• _THE TASK_
Give the records again in full, exactly as written.

● ● ● ●

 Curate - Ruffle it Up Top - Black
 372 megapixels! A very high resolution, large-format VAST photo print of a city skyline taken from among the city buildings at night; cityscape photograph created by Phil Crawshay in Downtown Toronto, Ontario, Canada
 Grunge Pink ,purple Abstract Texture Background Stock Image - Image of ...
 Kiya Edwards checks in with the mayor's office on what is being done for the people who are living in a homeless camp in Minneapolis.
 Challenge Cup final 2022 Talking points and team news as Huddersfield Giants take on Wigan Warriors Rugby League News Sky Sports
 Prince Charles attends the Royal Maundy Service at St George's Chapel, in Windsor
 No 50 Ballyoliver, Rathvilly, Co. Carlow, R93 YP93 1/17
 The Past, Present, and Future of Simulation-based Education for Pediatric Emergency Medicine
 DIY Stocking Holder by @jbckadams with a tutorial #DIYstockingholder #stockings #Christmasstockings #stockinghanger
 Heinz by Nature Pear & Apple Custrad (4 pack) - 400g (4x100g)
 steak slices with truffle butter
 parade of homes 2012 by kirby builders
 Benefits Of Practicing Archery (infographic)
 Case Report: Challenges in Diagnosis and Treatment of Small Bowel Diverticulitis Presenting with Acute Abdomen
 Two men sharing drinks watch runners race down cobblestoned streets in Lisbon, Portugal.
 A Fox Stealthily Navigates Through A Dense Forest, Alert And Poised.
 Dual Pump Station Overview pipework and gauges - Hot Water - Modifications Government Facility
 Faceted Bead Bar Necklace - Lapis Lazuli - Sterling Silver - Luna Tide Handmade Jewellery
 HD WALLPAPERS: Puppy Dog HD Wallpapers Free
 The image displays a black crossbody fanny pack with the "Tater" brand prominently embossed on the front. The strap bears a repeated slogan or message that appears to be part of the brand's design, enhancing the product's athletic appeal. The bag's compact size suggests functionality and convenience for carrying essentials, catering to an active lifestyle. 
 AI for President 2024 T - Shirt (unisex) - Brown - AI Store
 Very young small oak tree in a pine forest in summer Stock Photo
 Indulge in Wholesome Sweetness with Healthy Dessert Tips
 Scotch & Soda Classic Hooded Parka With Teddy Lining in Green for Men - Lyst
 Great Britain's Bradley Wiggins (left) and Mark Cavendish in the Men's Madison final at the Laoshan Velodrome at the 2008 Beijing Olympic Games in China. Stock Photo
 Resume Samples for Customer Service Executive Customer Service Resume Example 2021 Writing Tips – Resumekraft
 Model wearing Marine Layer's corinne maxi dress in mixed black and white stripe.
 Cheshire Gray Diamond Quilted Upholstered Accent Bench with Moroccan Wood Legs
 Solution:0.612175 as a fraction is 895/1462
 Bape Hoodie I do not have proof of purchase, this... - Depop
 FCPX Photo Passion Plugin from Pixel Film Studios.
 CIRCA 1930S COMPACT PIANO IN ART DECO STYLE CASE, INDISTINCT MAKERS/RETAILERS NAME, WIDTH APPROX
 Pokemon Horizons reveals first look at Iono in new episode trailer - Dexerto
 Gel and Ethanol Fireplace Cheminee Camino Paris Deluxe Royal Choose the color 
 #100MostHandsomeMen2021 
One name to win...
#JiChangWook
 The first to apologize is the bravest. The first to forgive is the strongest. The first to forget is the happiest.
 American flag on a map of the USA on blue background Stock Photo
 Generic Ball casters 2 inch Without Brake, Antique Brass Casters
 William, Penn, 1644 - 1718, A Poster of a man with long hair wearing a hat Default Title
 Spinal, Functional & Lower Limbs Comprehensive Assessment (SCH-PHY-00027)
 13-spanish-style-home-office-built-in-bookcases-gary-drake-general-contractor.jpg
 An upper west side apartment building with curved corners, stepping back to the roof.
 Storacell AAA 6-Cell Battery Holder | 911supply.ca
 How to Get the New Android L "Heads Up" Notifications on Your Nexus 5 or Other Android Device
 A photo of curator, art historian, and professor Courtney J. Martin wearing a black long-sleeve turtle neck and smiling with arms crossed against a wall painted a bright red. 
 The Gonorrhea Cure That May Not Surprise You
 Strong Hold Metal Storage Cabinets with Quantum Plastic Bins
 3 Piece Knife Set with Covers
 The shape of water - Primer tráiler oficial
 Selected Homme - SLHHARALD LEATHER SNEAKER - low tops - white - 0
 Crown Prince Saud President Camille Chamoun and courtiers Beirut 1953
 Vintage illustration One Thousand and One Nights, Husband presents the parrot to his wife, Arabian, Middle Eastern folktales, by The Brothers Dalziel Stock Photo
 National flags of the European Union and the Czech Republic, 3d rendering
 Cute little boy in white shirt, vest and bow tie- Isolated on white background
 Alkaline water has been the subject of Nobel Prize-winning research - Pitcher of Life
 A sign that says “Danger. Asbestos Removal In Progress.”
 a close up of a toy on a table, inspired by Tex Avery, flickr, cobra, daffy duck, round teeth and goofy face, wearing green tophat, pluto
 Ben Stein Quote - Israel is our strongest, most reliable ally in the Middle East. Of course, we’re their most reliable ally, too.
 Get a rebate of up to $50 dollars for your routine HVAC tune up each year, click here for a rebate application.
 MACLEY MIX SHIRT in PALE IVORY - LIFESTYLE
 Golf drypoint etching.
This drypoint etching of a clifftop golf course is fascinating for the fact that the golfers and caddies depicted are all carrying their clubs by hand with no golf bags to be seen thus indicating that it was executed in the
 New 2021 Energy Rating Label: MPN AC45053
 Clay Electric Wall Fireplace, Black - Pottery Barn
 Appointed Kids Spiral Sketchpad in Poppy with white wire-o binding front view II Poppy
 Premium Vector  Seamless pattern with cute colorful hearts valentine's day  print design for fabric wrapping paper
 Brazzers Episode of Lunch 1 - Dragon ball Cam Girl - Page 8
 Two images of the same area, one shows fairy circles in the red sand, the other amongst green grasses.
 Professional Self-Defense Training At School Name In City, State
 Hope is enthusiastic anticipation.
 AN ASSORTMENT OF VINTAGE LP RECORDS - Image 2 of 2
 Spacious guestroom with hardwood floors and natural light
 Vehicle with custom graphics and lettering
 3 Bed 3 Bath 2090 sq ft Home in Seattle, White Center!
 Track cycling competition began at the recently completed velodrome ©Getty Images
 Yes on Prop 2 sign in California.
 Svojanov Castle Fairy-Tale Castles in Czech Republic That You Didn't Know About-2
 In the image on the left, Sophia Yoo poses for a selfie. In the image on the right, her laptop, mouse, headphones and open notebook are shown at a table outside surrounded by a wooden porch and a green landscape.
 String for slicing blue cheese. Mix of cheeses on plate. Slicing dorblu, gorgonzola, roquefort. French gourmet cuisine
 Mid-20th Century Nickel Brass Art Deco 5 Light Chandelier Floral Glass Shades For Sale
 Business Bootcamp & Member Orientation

● ● ● ●

• _RESULT_
 Curate - Ruffle it Up Top - Black
 372 megapixels! A very high resolution, large-format VAST photo print of a city skyline taken from among the city buildings at night; cityscape photograph created by Phil Crawshay in Downtown Toronto, Ontario, Canada
 Grunge Pink ,purple Abstract Texture Background Stock Image - Image of ...
 Kiya Edwards checks in with the mayor's office on what is being done for the people who are living in a homeless camp in Minneapolis.
 Challenge Cup final 2022 Talking points and team news as Huddersfield Giants take on Wigan Warriors Rugby League News Sky Sports
 Prince Charles attends the Royal Maundy Service at St George's Chapel, in Windsor
 No 50 Ballyoliver, Rathvilly, Co. Carlow, R93 YP93 1/17
 The Past, Present, and Future of Simulation-based Education for Pediatric Emergency Medicine
 DIY Stocking Holder by @jbckadams with a tutorial #DIYstockingholder #stockings #Christmasstockings #stockinghanger
 Heinz by Nature Pear & Apple Custrad (4 pack) - 400g (4x100g)
 steak slices with truffle butter
 parade of homes 2012 by kirby builders
 Benefits Of Practicing Archery (infographic)
 Case Report: Challenges in Diagnosis and Treatment of Small Bowel Diverticulitis Presenting with Acute Abdomen
 Two men sharing drinks watch runners race down cobblestoned streets in Lisbon, Portugal.
 A Fox Stealthily Navigates Through A Dense Forest, Alert And Poised.
 Dual Pump Station Overview pipework and gauges - Hot Water - Modifications Government Facility
 Faceted Bead Bar Necklace - Lapis Lazuli - Sterling Silver - Luna Tide Handmade Jewellery
 HD WALLPAPERS: Puppy Dog HD Wallpapers Free
 The image displays a black crossbody fanny pack with the "Tater" brand prominently embossed on the front. The strap bears a repeated slogan or message that appears to be part of the brand's design, enhancing the product's athletic appeal. The bag's compact size suggests functionality and convenience for carrying essentials, catering to an active lifestyle. 
 AI for President 2024 T - Shirt (unisex) - Brown - AI Store
 Very young small oak tree in a pine forest in summer Stock Photo
 Indulge in Wholesome Sweetness with Healthy Dessert Tips
 Scotch & Soda Classic Hooded Parka With Teddy Lining in Green for Men - Lyst
 Great Britain's Bradley Wiggins (left) and Mark Cavendish in the Men's Madison final at the Laoshan Velodrome at the 2008 Beijing Olympic Games in China. Stock Photo
 Resume Samples for Customer Service Executive Customer Service Resume Example 2021 Writing Tips – Resumekraft
 Model wearing Marine Layer's corinne maxi dress in mixed black and white stripe.
 Cheshire Gray Diamond Quilted Upholstered Accent Bench with Moroccan Wood Legs
 Solution:0.612175 as a fraction is 895/1462
 Bape Hoodie I do not have proof of purchase, this... - Depop
 FCPX Photo Passion Plugin from Pixel Film Studios.
 CIRCA 1930S COMPACT PIANO IN ART DECO STYLE CASE, INDISTINCT MAKERS/RETAILERS NAME, WIDTH APPROX
 Pokemon Horizons reveals first look at Iono in new episode trailer - Dexerto
 Gel and Ethanol Fireplace Cheminee Camino Paris Deluxe Royal Choose the color 
 #100MostHandsomeMen2021 
One name to win...
#JiChangWook
 The first to apologize is the bravest. The first to forgive is the strongest. The first to forget is the happiest.
 American flag on a map of the USA on blue background Stock Photo
 Generic Ball casters 2 inch Without Brake, Antique Brass Casters
 William, Penn, 1644 - 1718, A Poster of a man with long hair wearing a hat Default Title
 Spinal, Functional & Lower Limbs Comprehensive Assessment (SCH-PHY-00027)
 13-spanish-style-home-office-built-in-bookcases-gary-drake-general-contractor.jpg
 An upper west side apartment building with curved corners, stepping back to the roof.
 Storacell AAA 6-Cell Battery Holder | 911supply.ca
 How to Get the New Android L "Heads Up" Notifications on Your Nexus 5 or Other Android Device
 A photo of curator, art historian, and professor Courtney J. Martin wearing a black long-sleeve turtle neck and smiling with arms crossed against a wall painted a bright red. 
 The Gonorrhea Cure That May Not Surprise You
 Strong Hold Metal Storage Cabinets with Quantum Plastic Bins
 3 Piece Knife Set with Covers
 The shape of water - Primer tráiler oficial
 Selected Homme - SLHHARALD LEATHER SNEAKER - low tops - white - 0
 Crown Prince Saud President Camille Chamoun and courtiers Beirut 1953
 Vintage illustration One Thousand and One Nights, Husband presents the parrot to his wife, Arabian, Middle Eastern folktales, by The Brothers Dalziel Stock Photo
 National flags of the European Union and the Czech Republic, 3d rendering
 Cute little boy in white shirt, vest and bow tie- Isolated on white background
 Alkaline water has been the subject of Nobel Prize-winning research - Pitcher of Life
 A sign that says “Danger. Asbestos Removal In Progress.”
 a close up of a toy on a table, inspired by Tex Avery, flickr, cobra, daffy duck, round teeth and goofy face, wearing green tophat, pluto
 Ben Stein Quote - Israel is our strongest, most reliable ally in the Middle East. Of course, we’re their most reliable ally, too.
 Get a rebate of up to $50 dollars for your routine HVAC tune up each year, click here for a rebate application.
 MACLEY MIX SHIRT in PALE IVORY - LIFESTYLE
 Golf drypoint etching.
This drypoint etching of a clifftop golf course is fascinating for the fact that the golfers and caddies depicted are all carrying their clubs by hand with no golf bags to be seen thus indicating that it was executed in the
 New 2021 Energy Rating Label: MPN AC45053
 Clay Electric Wall Fireplace, Black - Pottery Barn
 Appointed Kids Spiral Sketchpad in Poppy with white wire-o binding front view II Poppy
 Premium Vector  Seamless pattern with cute colorful hearts valentine's day  print design for fabric wrapping paper
 Brazzers Episode of Lunch 1 - Dragon ball Cam Girl - Page 8
 Two images of the same area, one shows fairy circles in the red sand, the other amongst green grasses.
 Professional Self-Defense Training At School Name In City, State
 Hope is enthusiastic anticipation.
 AN ASSORTMENT OF VINTAGE LP RECORDS - Image 2 of 2
 Spacious guestroom with hardwood floors and natural light
 Vehicle with custom graphics and lettering
 3 Bed 3 Bath 2090 sq ft Home in Seattle, White Center!
 Track cycling competition began at the recently completed velodrome ©Getty Images
 Yes on Prop 2 sign in California.
 Svojanov Castle Fairy-Tale Castles in Czech Republic That You Didn't Know About-2
 In the image on the left, Sophia Yoo poses for a selfie. In the image on the right, her laptop, mouse, headphones and open notebook are shown at a table outside surrounded by a wooden porch and a green landscape.
 String for slicing blue cheese. Mix of cheeses on plate. Slicing dorblu, gorgonzola, roquefort. French gourmet cuisine
 Mid-20th Century Nickel Brass Art Deco 5 Light Chandelier Floral Glass Shades For Sale
 Business Bootcamp & Member Orientation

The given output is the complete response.